* [SOURCE MATERIAL]:
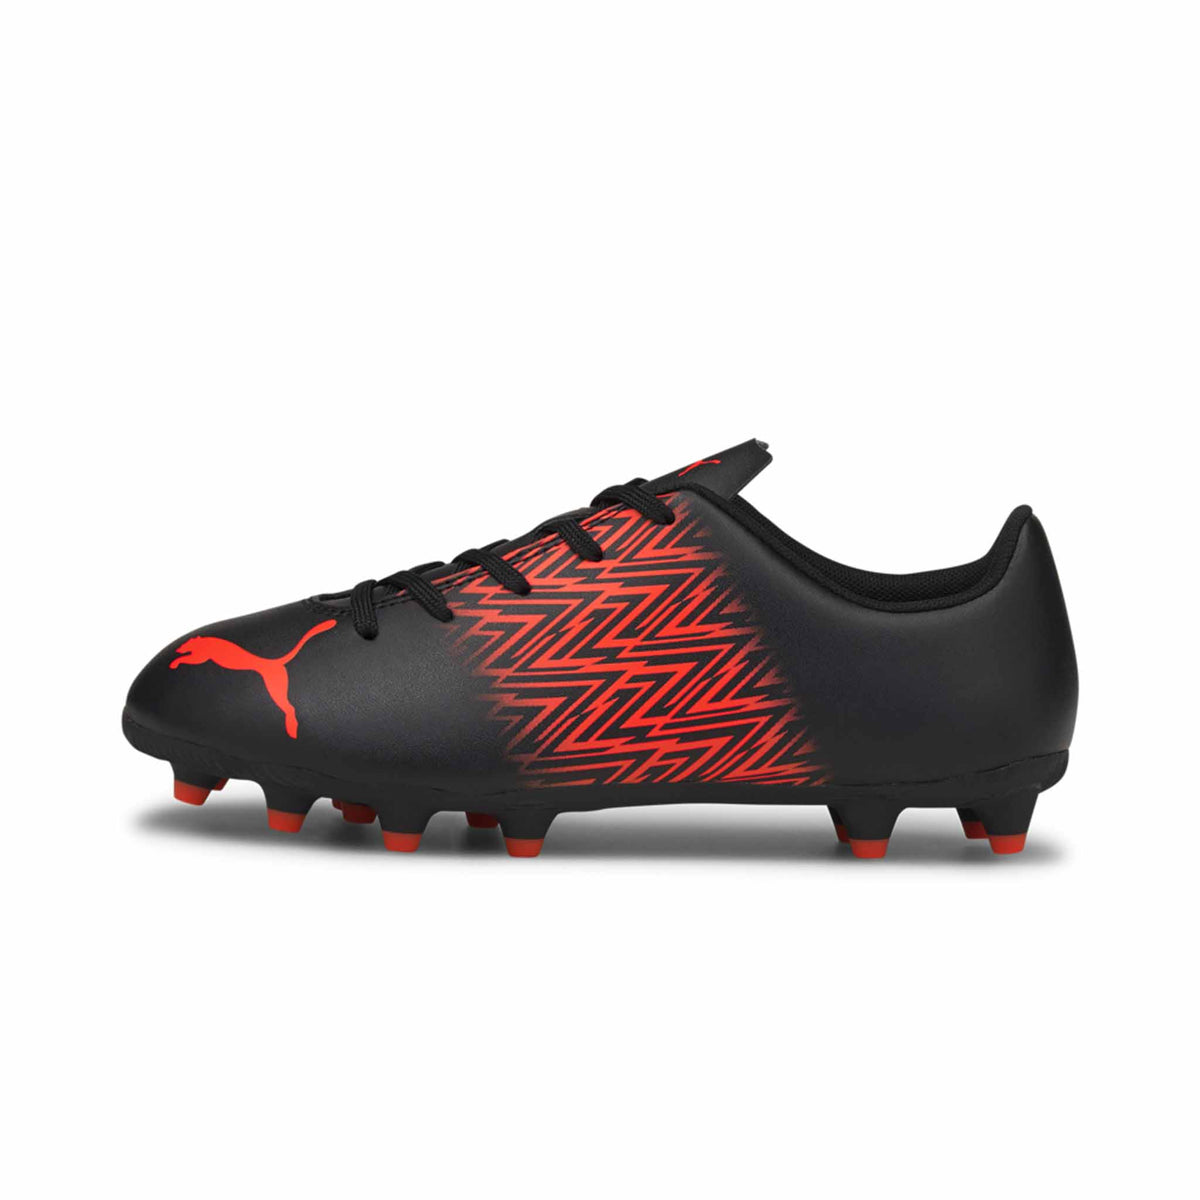 Puma Tacto FG/AG Junior chaussures de soccer enfant Noir / Rouge
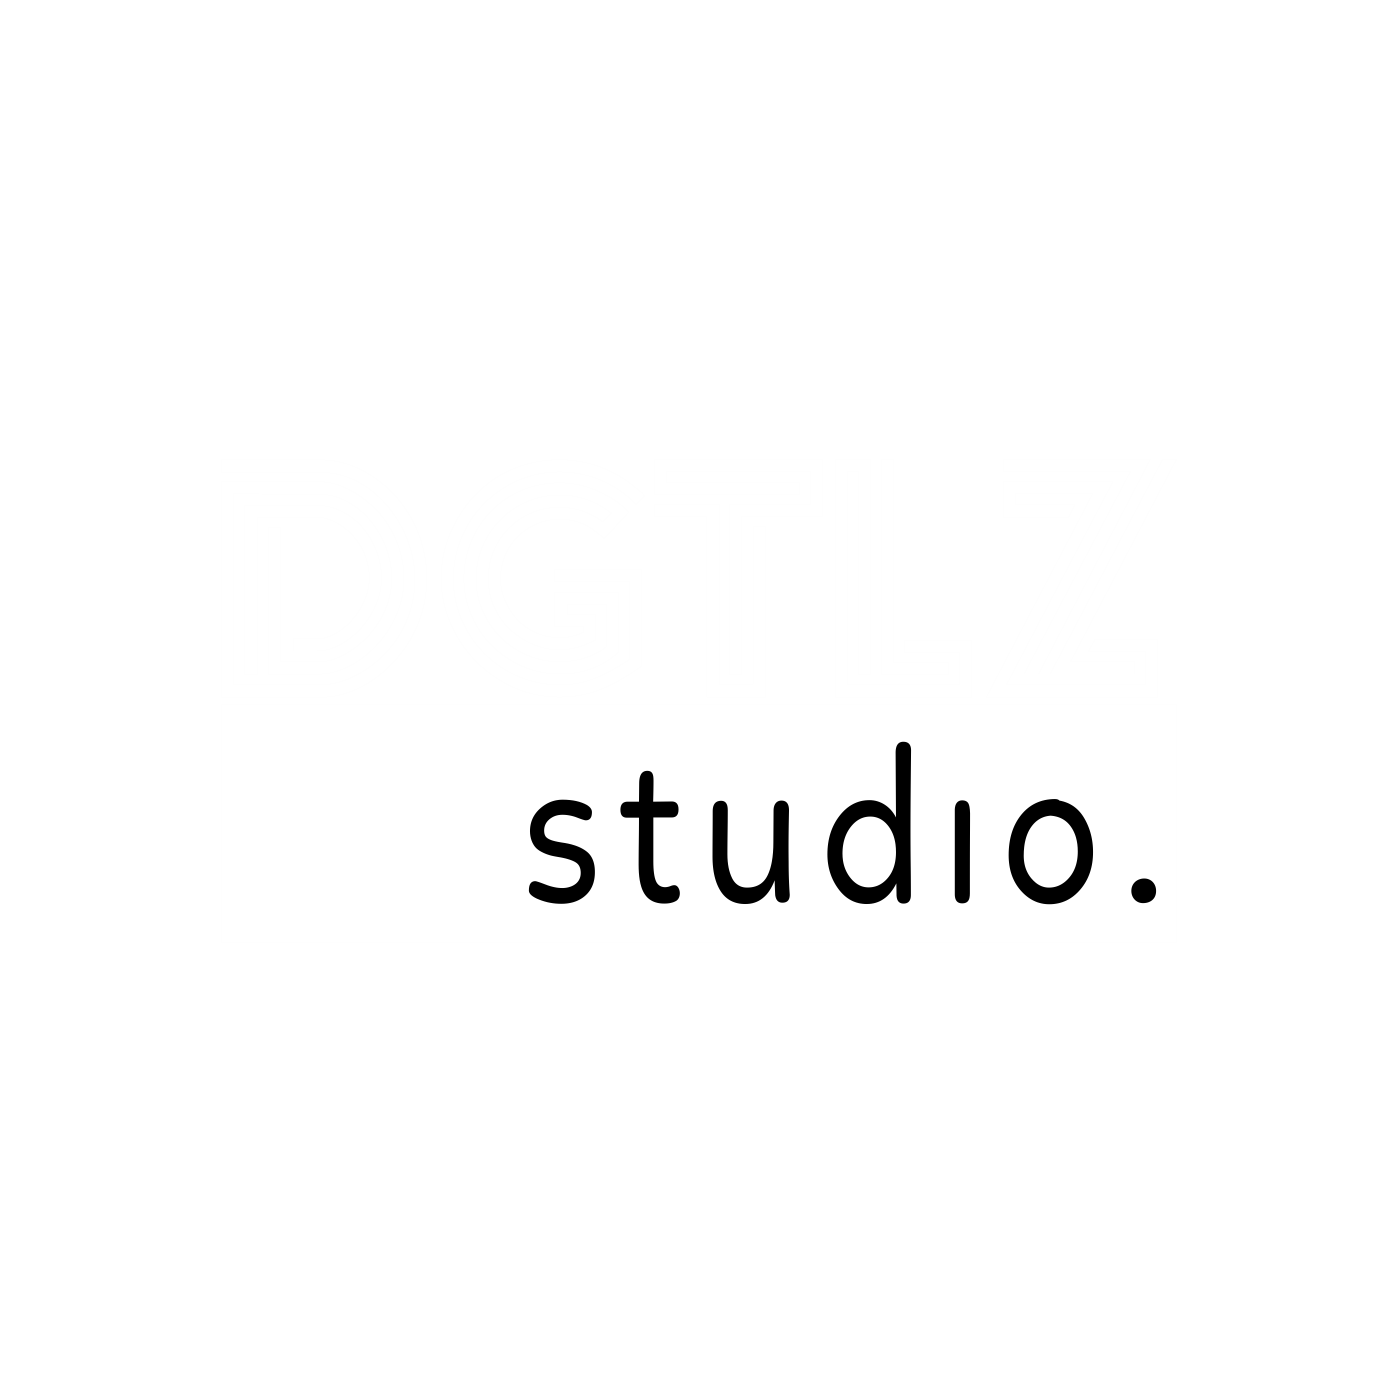 DGTLZ Studio
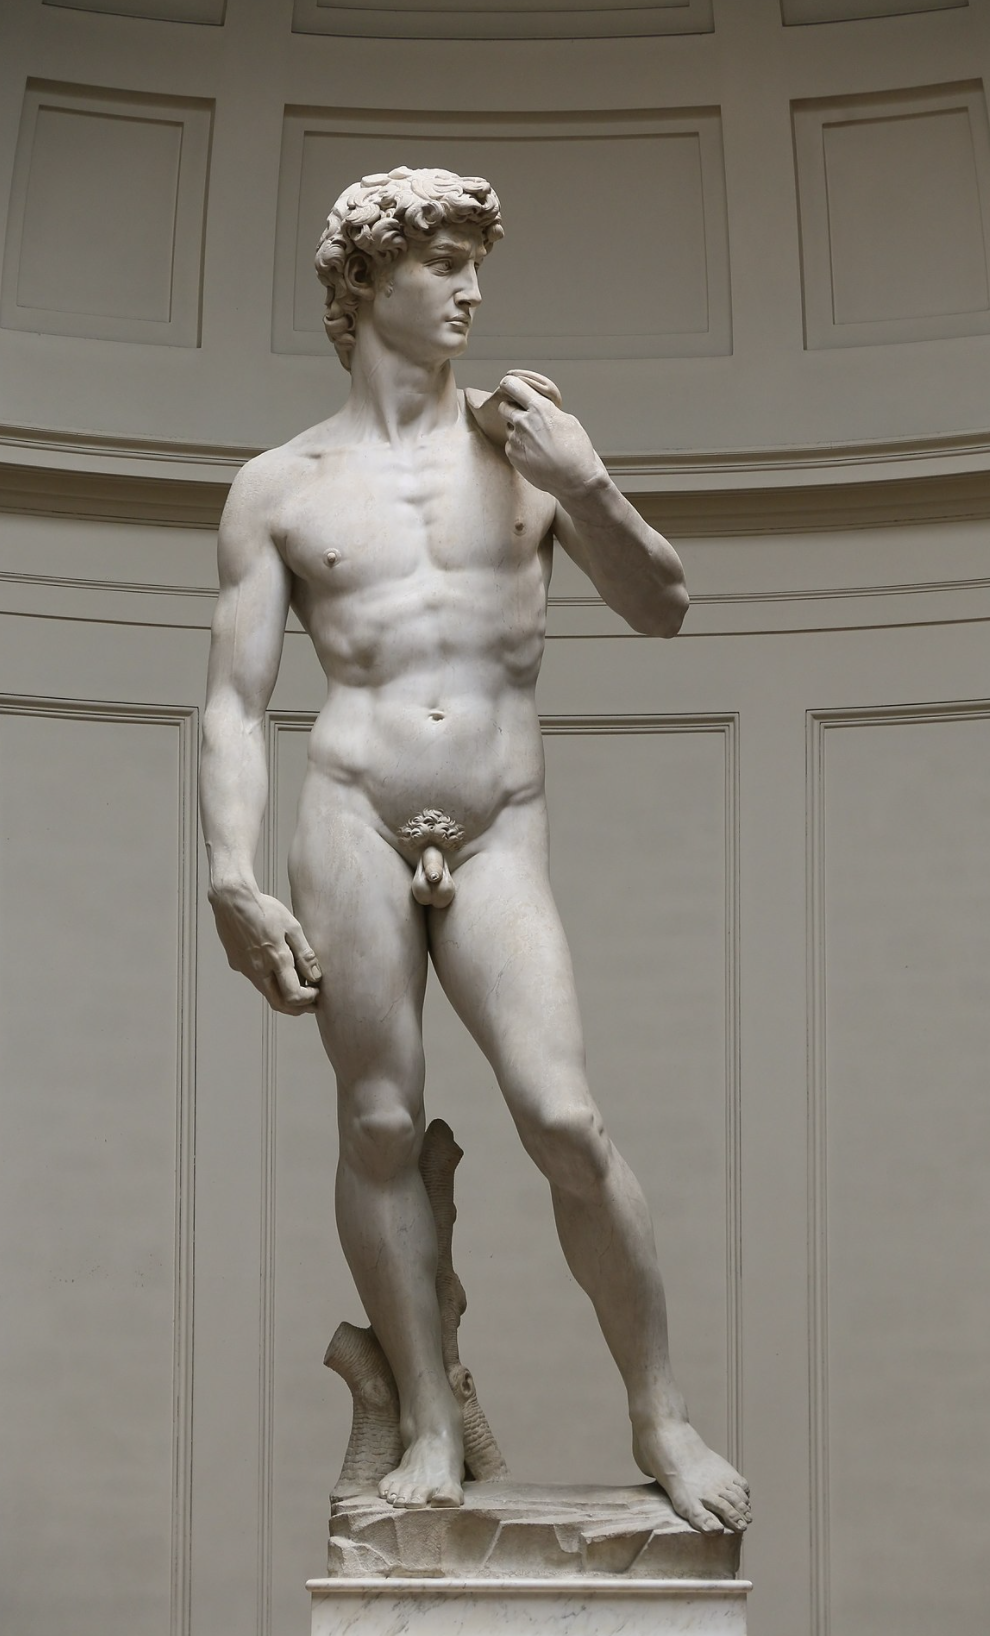 https://en.wikipedia.org/wiki/David_(Michelangelo)

* [WHAT IS NEEDED]:
Repeat the listing word for word, and skip every picture it contains.

* [RESULT]:
 Puma Tacto FG/AG Junior chaussures de soccer enfant Noir / Rouge
 DGTLZ Studio
 https://en.wikipedia.org/wiki/David_(Michelangelo)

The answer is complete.